En ausencia del Padre, desembarcaron en los años noventa los “hermanos mayores” para pilotear “la ingrávida nave de los desencantos”. Descreen del futuro y sus épicas teleológicas, son “héroes de lo vacuo”, “desestabilizadores” que operan desde el terrorismo viral carcomiendo los pilares del sistema que fingen sostener (desde este lugar Hamed analiza la figura de Bill Clinton como un hermano mayor). La vacancia del Gran Padre Blanco que comanda una historia lineal –junto con la emergencia de lo “prepóstero” como desarticulación de la flecha del tiempo tendido hacia el futuro como teleología y hacia el pasado como genealogía– da nacimiento al mestizaje global, poniendo en acción la “máquina caníbal y recicladora”. Al fin de la historia y de la voz del Padre se suma la expansión del mundo virtual como un nuevo territorio que recoloca en el presente de la pantalla el Saber Absoluto, de modo que la lógica de los hipervínculos ofrece el pasado y los saberes acumulados para la ingeniería creativa de cualquier espectador.
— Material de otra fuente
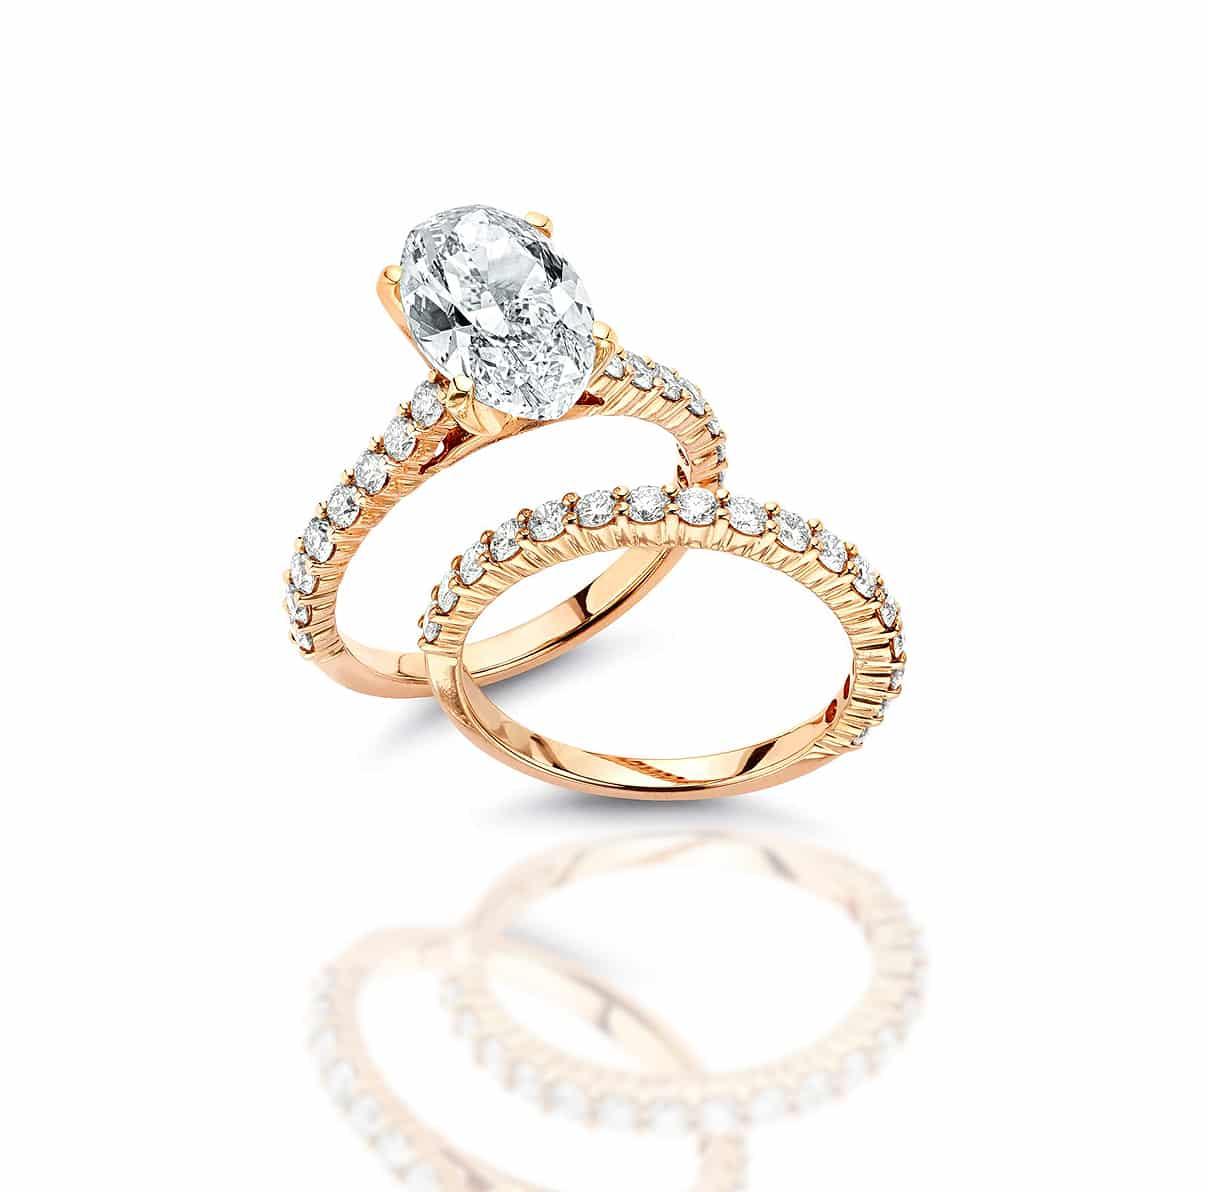 18k rose gold engagement ring set

El espacio virtual es la segunda matriz que interviene en la escritura retro de Hamed, poniendo a disposición de todo escritor el espesor de la cultura “universal”.

A partir de estos dos relatos paradigmáticos, el del (moribundo) Padre Blanco y el del (emergente) Alien, se traman dos modos contrapuestos de escritura que se expanden a través de series de opuestos: linealidad/ deriva; géneros legítimos/ bastardos; ciudadanos/ hordas de bárbaros; escritura/ voz; lengua madre/ extranjera; metáfora/ metonimia; sedentario/ nómade: visión/ ceguera; Espíritu/ carne, entre otras. La narrativa lineal del Padre, de la Ley, del logos, de la Historia, cercada por inicios y finales, ejerce una obturación de lo múltiple. En cambio la escritura de Alien, que se articula a partir de este organismo sin ojos ni mirada, impredecible, no segmentable, de sentidos no determinados, de extrañeza invencible, interrumpe todo fin y se da a la deriva continua, provocando una serie de desvíos en el interior del texto lineal e introduciendo lo prepóstero, todo lo cual da lugar al texto bizarro de la retroescritura (1998: 22).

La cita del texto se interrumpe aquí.